I had the opportunity to share a few questions with Shahin Pirooz, CTO of DataEndure regarding the collection and use of dark data by companies today.
How do you define “dark data?”
Dark data, as defined by Gartner, is “the information assets that organizations collect, process, and store during regular business activities, but generally fail to use for other purposes (for example, analytics, business relationships and direct monetizing).” The name alludes to dark matter, the unknown, un-seeable material in space, and highlights how little companies use or think about their data. Every company will generally hold on to all the data they collect, regardless of its usefulness. There are 40,000 search queries per second on Google, and a billion daily Facebook users. Data is being uploaded and shared and processed and stored; and only sometimes accessed. How does a company deal with all this data, especially the dark data?
Sometimes dark data holds highly valuable information that organizations aren’t taking advantage of. Companies are leaving invaluable information about product consumption and potential revenue streams on the board by ignoring their troves of dark data.
Is “dark data” a good thing or a bad thing for companies to have? How much do companies spend storing “dark data?”
Dark data is a great thing, but only if it is consumed, categorized, processed and analyzed for important business metrics. Conversely, the massive amounts of unorganized and unanalyzed dark data can slow the success of business operations. Many organizations report feeling they have “inadequate reporting capabilities” and “disorganized content management.”
Storing poor unorganized data costs businesses up to 35% of their operating cost. The amount of poor and unorganized data being stored costs $600 billion per year for U.S. businesses alone. Companies can save millions of dollars by migrating unaccessed or trivial data to Tier 2 storage or to the cloud.
How is “dark data” being used to improve a business?
There are two direct advantages of dark data if identified, classified and consumed appropriately. The first is the business advantage that can be culled from the large amounts of business metrics that can be pulled out of this dark data to improve business decision processes. The second is the significant cost savings a company can benefit from by simply moving the unused dark data to second tier storage. This frees up critical and expensive storage for primary workloads and moves unused data into secondary cheaper storage or cloud storage.
How is “dark data” being used to improve the customer experience?
Dark data is found in customer call detail records, server log files, mobile data, survey data, invoices, POs and email. Emails are one of the largest sources for mass amounts of dark data. Properly classifying and leveraging this data will provide great insight into the voice of the customer, customer consumption, and product strategies.
What best practices do you and your company recommend for managing “dark data?”
With this exponential growth in storage, organizations are simply relying on employees and IT to manage the increasing volumes of data. Consequences of using incorrect data management and not having automated processes in place can have a huge impact on organizations. Their Tier 1 storage costs and data center footprint in most cases are much higher than they should be. The best practice as a starting point is to identify and classify the dark data and dynamically move unused data to secondary storage. Beyond this first step is the further analysis of the data as a whole to ensure you are not leaving critical business insights on the board.

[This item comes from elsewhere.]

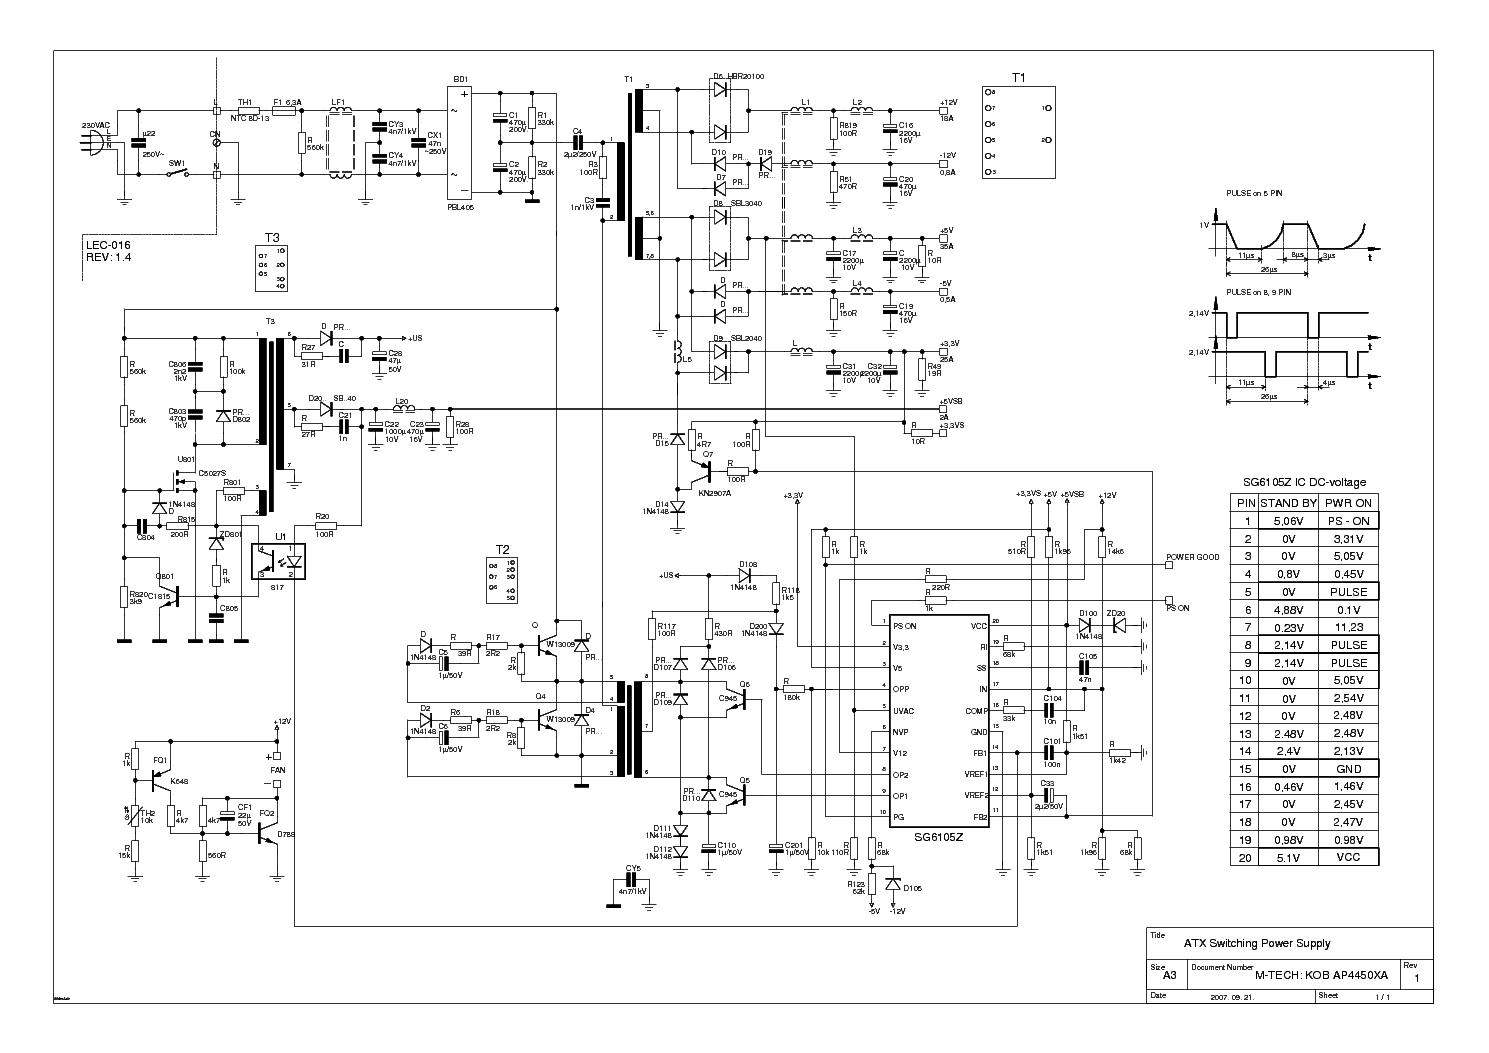 hight resolution of kobap4450xa 450w atx power supply schematic circuit diagram wiring wiring diagram for kobalt compressor kobap4450xa 450w

What’s the future for “dark data?”
The future will hopefully involve improved data management. If you look at where we are at now, more data has been created in the past two years than in the history of the human race. On Google alone, there are 40,000 search queries every second. That means dark data will only continue to accumulate. In the future data will dynamically move to either primary storage for performance and secondary or tertiary storage for archiving. The future will also include a Big Data play where this dark data will have a light shown on it and important business insights extracted to provide a competitive advantage.
How do you recommend developers handle “dark data” when developing applications?

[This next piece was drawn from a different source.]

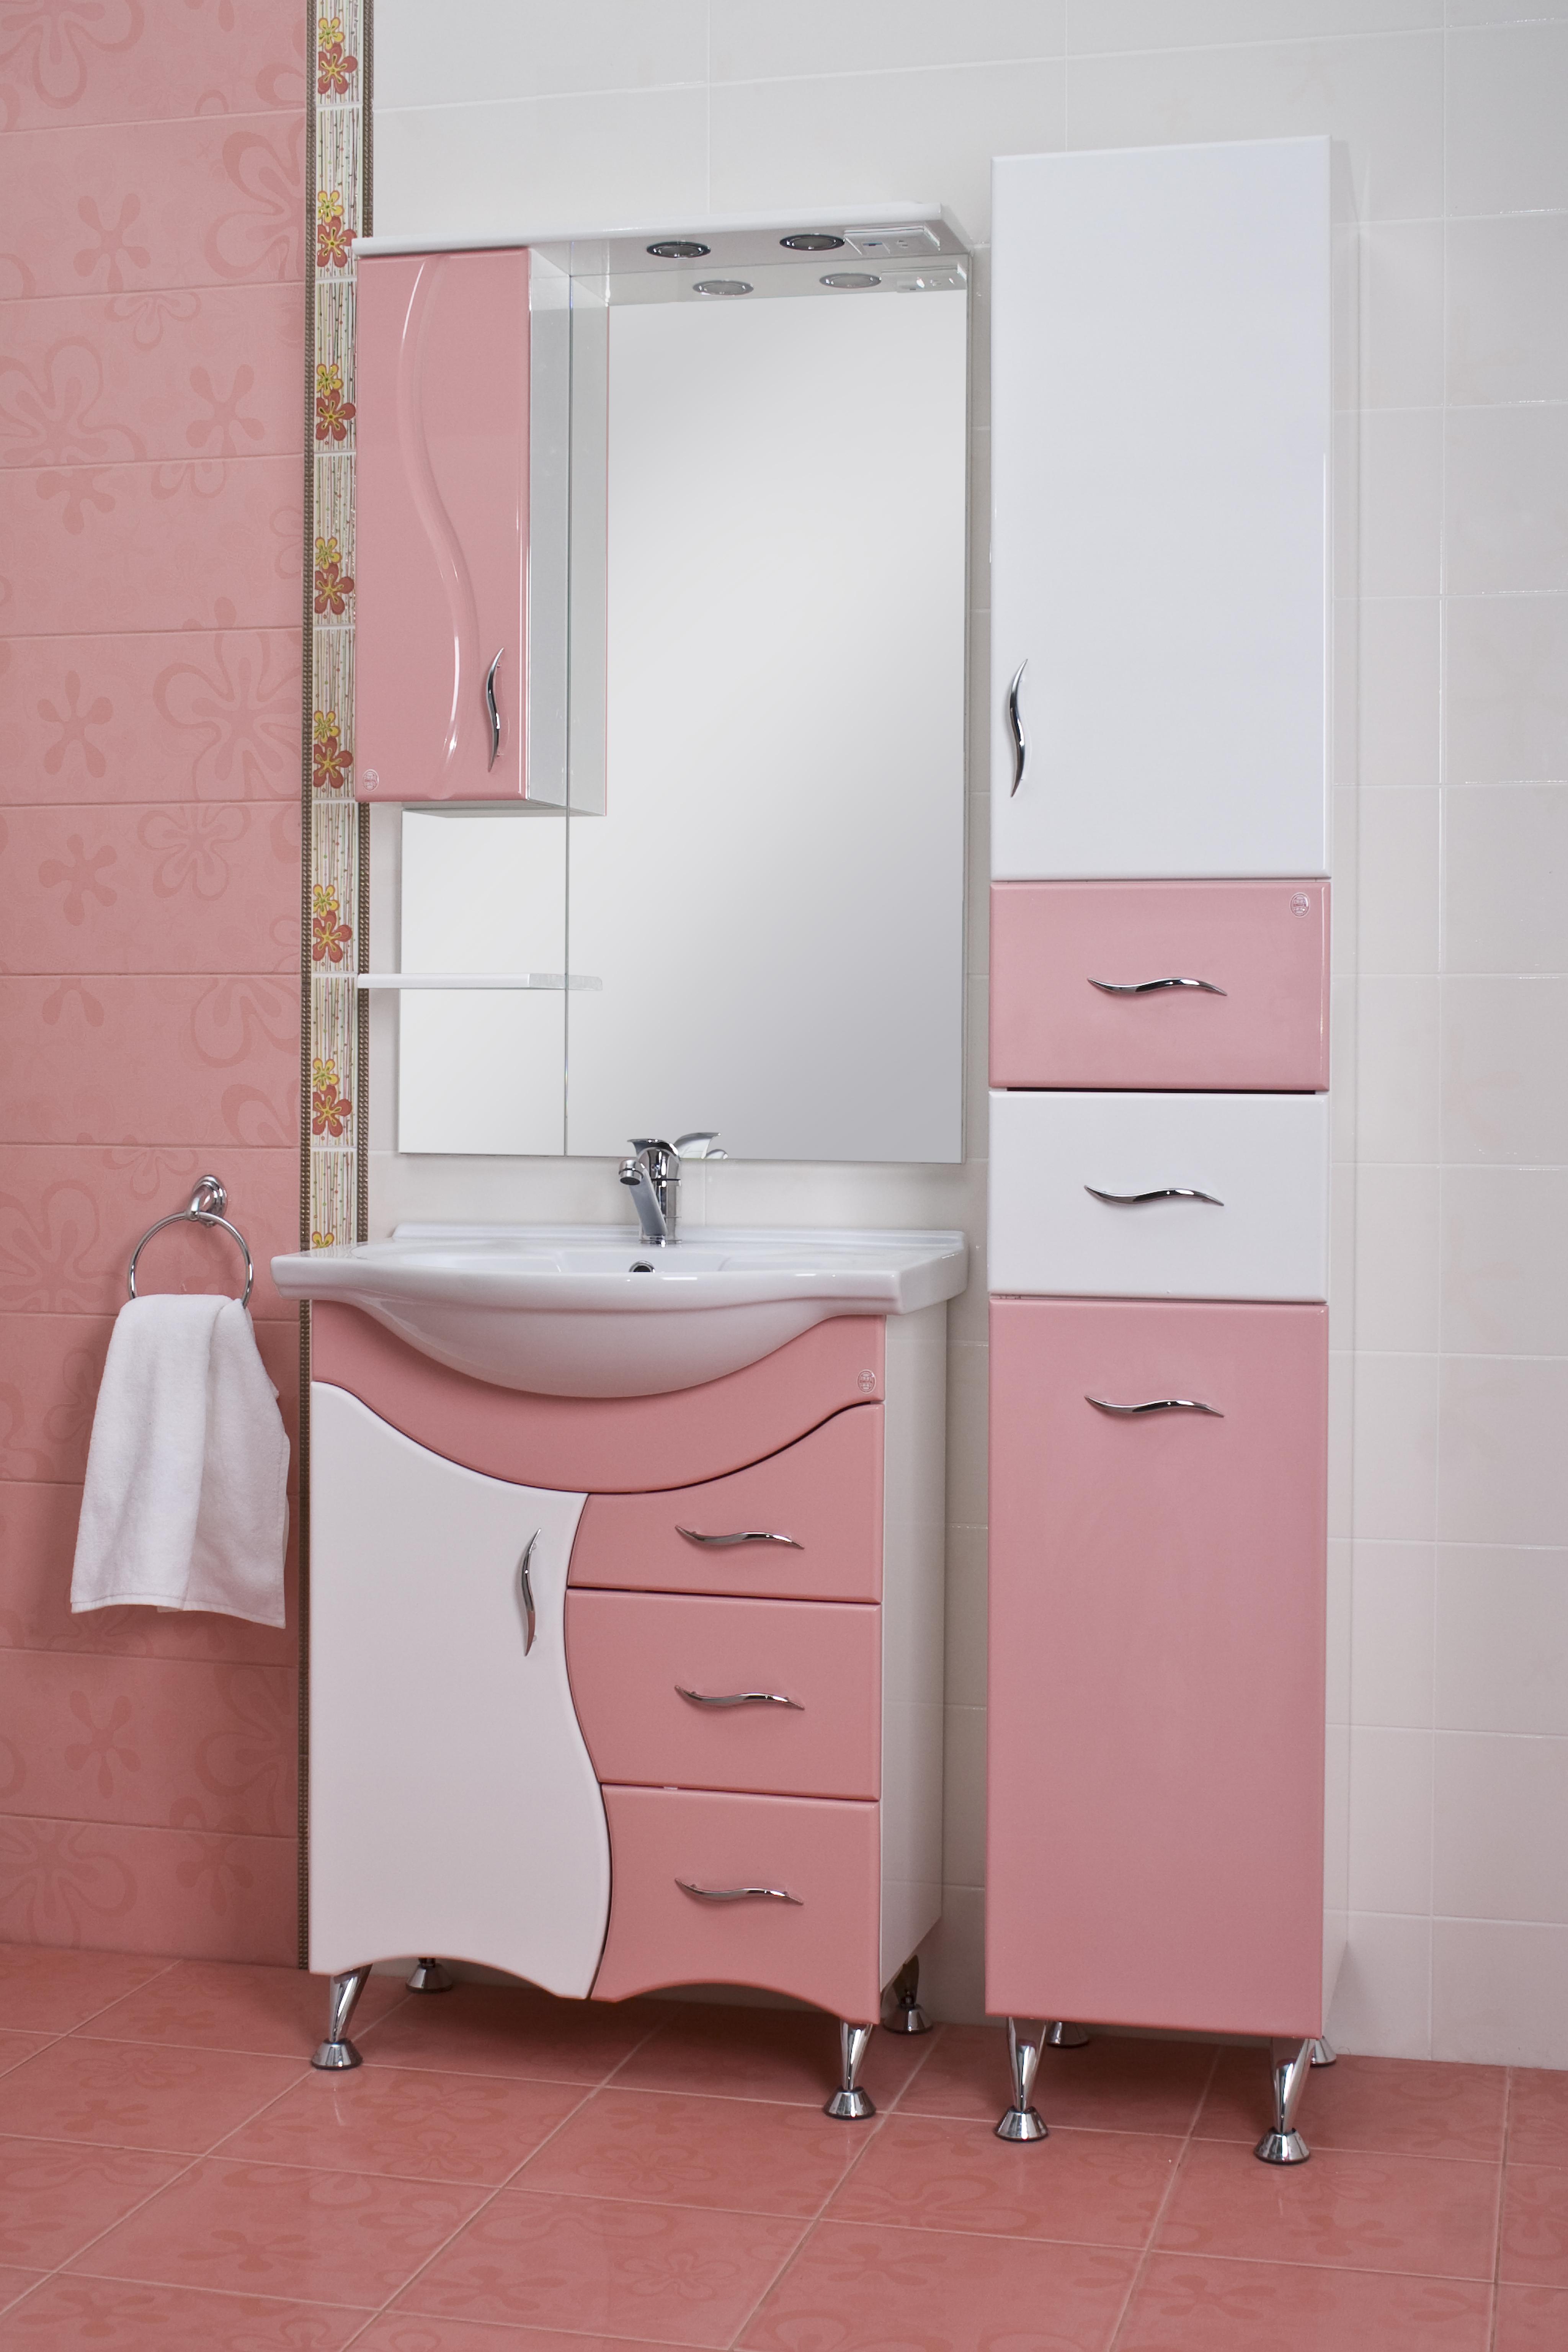 зеркало в ванную цена купить зеркало в ванную киев недорого

I recommend developers consider the implications of dark data. When data gets lost, opportunities are missed and often times work has to be re-done. It’s important to build a common taxonomy of data types starting with the applications and working with data optimization and classification products to better classify data from cradle to grave.
What else is important for developers and engineers to know about “dark data?”
It’s important to know that additional data accumulated slows down IT infrastructure. A great deal of data security issues reported are due to the accumulation of additional and unorganized data. Having structured data management processes also helps organizations to better use their data for BI and analytics.